To begin with, the traditional Scottish bride would first have an engagement party, with all her family and all of her intended’s family. At the réiteach or formal betrothal party, it was often said by the bride-to-be’s father :
“Ma tha ise deònach, tha mise ro-dheònach, agus mura bi sin mar sin, cha bhi seo mar seo” which means “If she is willing, I am very willing and if that weren’t so, then this wouldn’t be so” (from Margaret Fay Shaw in her book Folksongs and Folklore of South Uist)
After the betrothal, the banns would be called three Sundays in sucession. This means that the names of the intended couple andtheir intention to marry would be read in both the bride’s and the groom’s home parish.
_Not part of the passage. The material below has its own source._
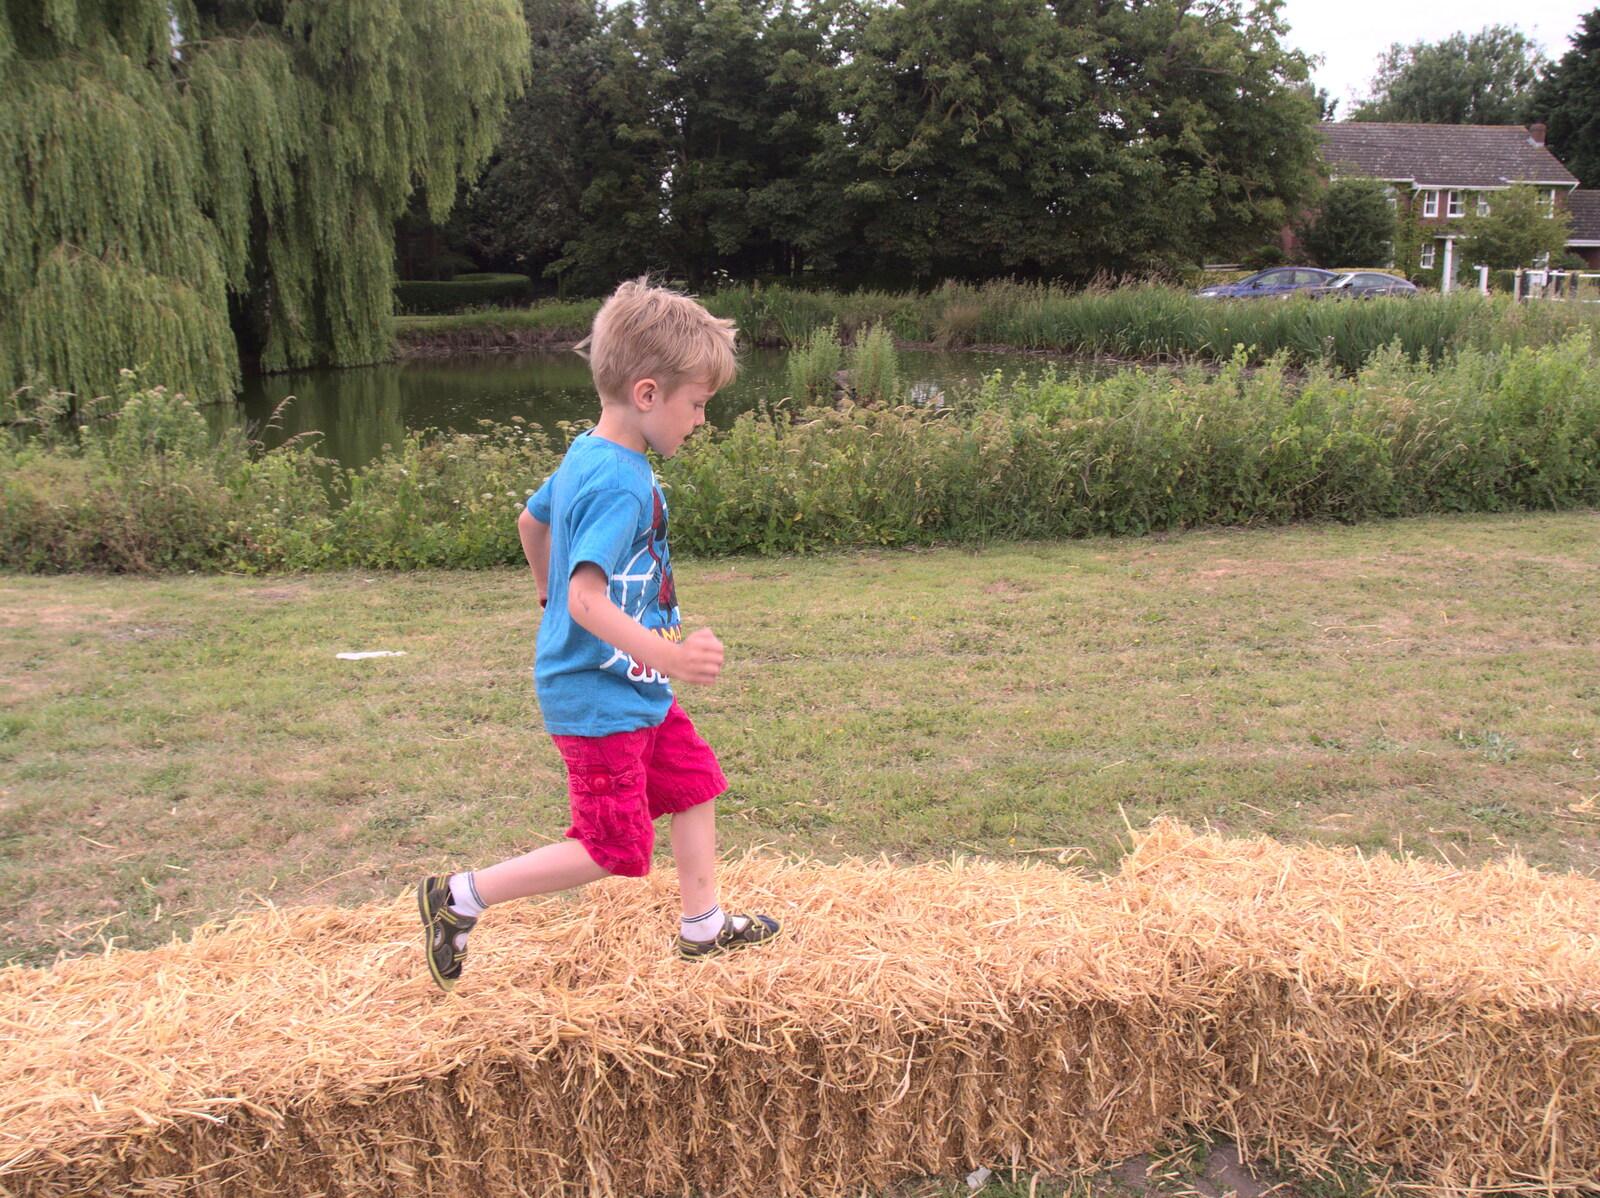 Harry runs around on bales from Thrandeston Pig, Little Green, Thrandeston, Suffolk - 25th June 2017

Kind of a three-week-long “If any one knows why this man and this woman should not be joined in marriage, speak now or forever hold his peace”. The wedding would be on the Tuesday after the last reading.
Although ”reading the banns” is no longer required, it’s commonly used as a synonym for engagement. For example, “We went on two dates, Mam, we’re hardly reading the banns,”
After the formal engagement, it’s time for the bride to start working on her dress. No white for a Scots bride, though. Blue is popular, althought there is no fixed color. An old-fashioned Scottish bride would make or order a beautiful gown, but with an eye to wearing it again.
And the families would begin preparing the food for the wedding day. Margaret Fay Shaw goes on to say:
The greatest chore for a wedding was the plucking and cooking of innumerable hens presented for the party by friends of the bride and bridegroom from all over the island. A delegation was formed just to deal with this part of the feast which consisted of cold chicken, roast mutton, scones and bannocks, fresh and salt butter, new cheese and many another special delicacy of the island, with the ever-present tea, and whisky and port wine for the toasts. (I’m getting hungry) Chickens were considered such an essential part of these feasts that when an epidemic killed a lot of hens on the island, Seonaidh Caimbeul, the local bard, made a song about it in which he refers to the grief of prospective brides at the impossibility of making proper wedding feasts without them.